Self Join to find duplicates but including all columns

Question

I would like to match any entries in a logs table which occurs having the same day and cause which are in the table more than once. I wrote the query for that fetches already the duplicates, my problem is that I need to have access to all the columns in the result from the table for later JOINs.

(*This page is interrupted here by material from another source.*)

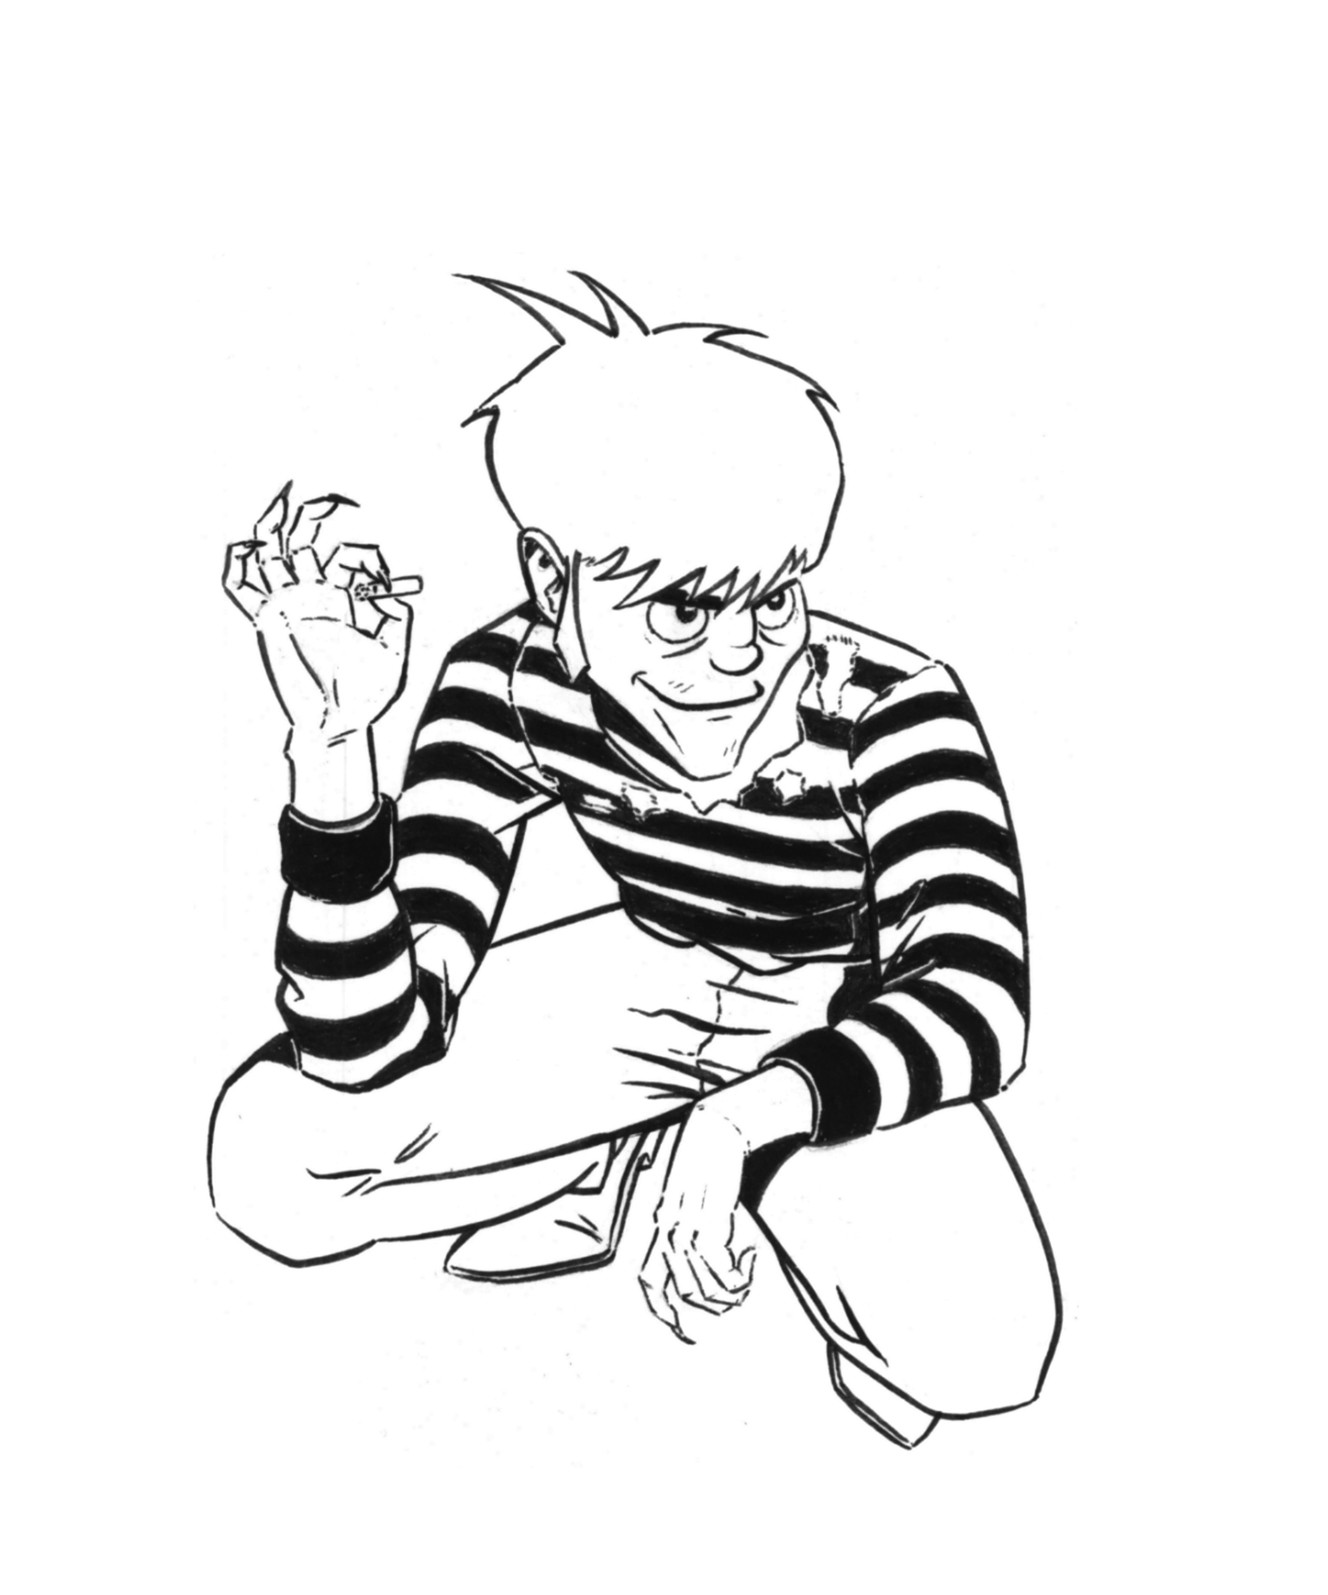 The original black and white inked illustration.

Table looks like that:

| ID | DATE       | CAUSE | USER | ... |
|--------------------------------------|
| x  | 2017-01-01 | aaa   | 100  | ... |
| x  | 2017-01-02 | aaa   | 101  | ... |
| x  | 2017-01-03 | bbb   | 101  | ... |
| x  | 2017-01-03 | bbb   | 101  | ... |
| x  | 2017-01-04 | ccc   | 101  | ... |
| x  | 2017-01-04 | ccc   | 101  | ... |
| x  | 2017-01-04 | ccc   | 101  | ... |
| x  | 2017-01-05 | aaa   | 101  | ... |
| .....................................|
| .....................................|
| .....................................|

Query:

SELECT logs.* FROM 
    (SELECT day, cause FROM logs 
         GROUP BY day, cause HAVING COUNT(*) > 1) AS logsTwice, logs 
WHERE logsTwice.day = logs.day AND logsTwice.cause = logs.cause

The sub select fetches exactly the right data (date and cause) but when I try to get the additional columns of these matches I get completely wrong data. What am I doing wrong?

Answer 1

You can try

SELECT l1.*
  FROM logs l1
 INNER JOIN logs l2
    ON (l1.id <> l2.id
        AND l1.day = l2.day
        AND l1.cause = l2.cause
        AND l1.user <> l2.user);

Answer 2

You can just use window functions:

SELECT l.*
FROM (SELECT l.*,
             COUNT(*) OVER (PARTITION BY day, cause) as cnt
      FROM logs l
     ) l
WHERE cnt > 1;

In general, window functions will have better performance than the equivalent query using JOIN and GROUP BY.

Answer 3

Try this:

SELECT logs.* FROM logs
inner join 
(SELECT day, cause FROM logs GROUP BY day, cause HAVING COUNT(*) > 1) logsTwice
on logsTwice.day = logs.day AND logsTwice.cause = logs.cause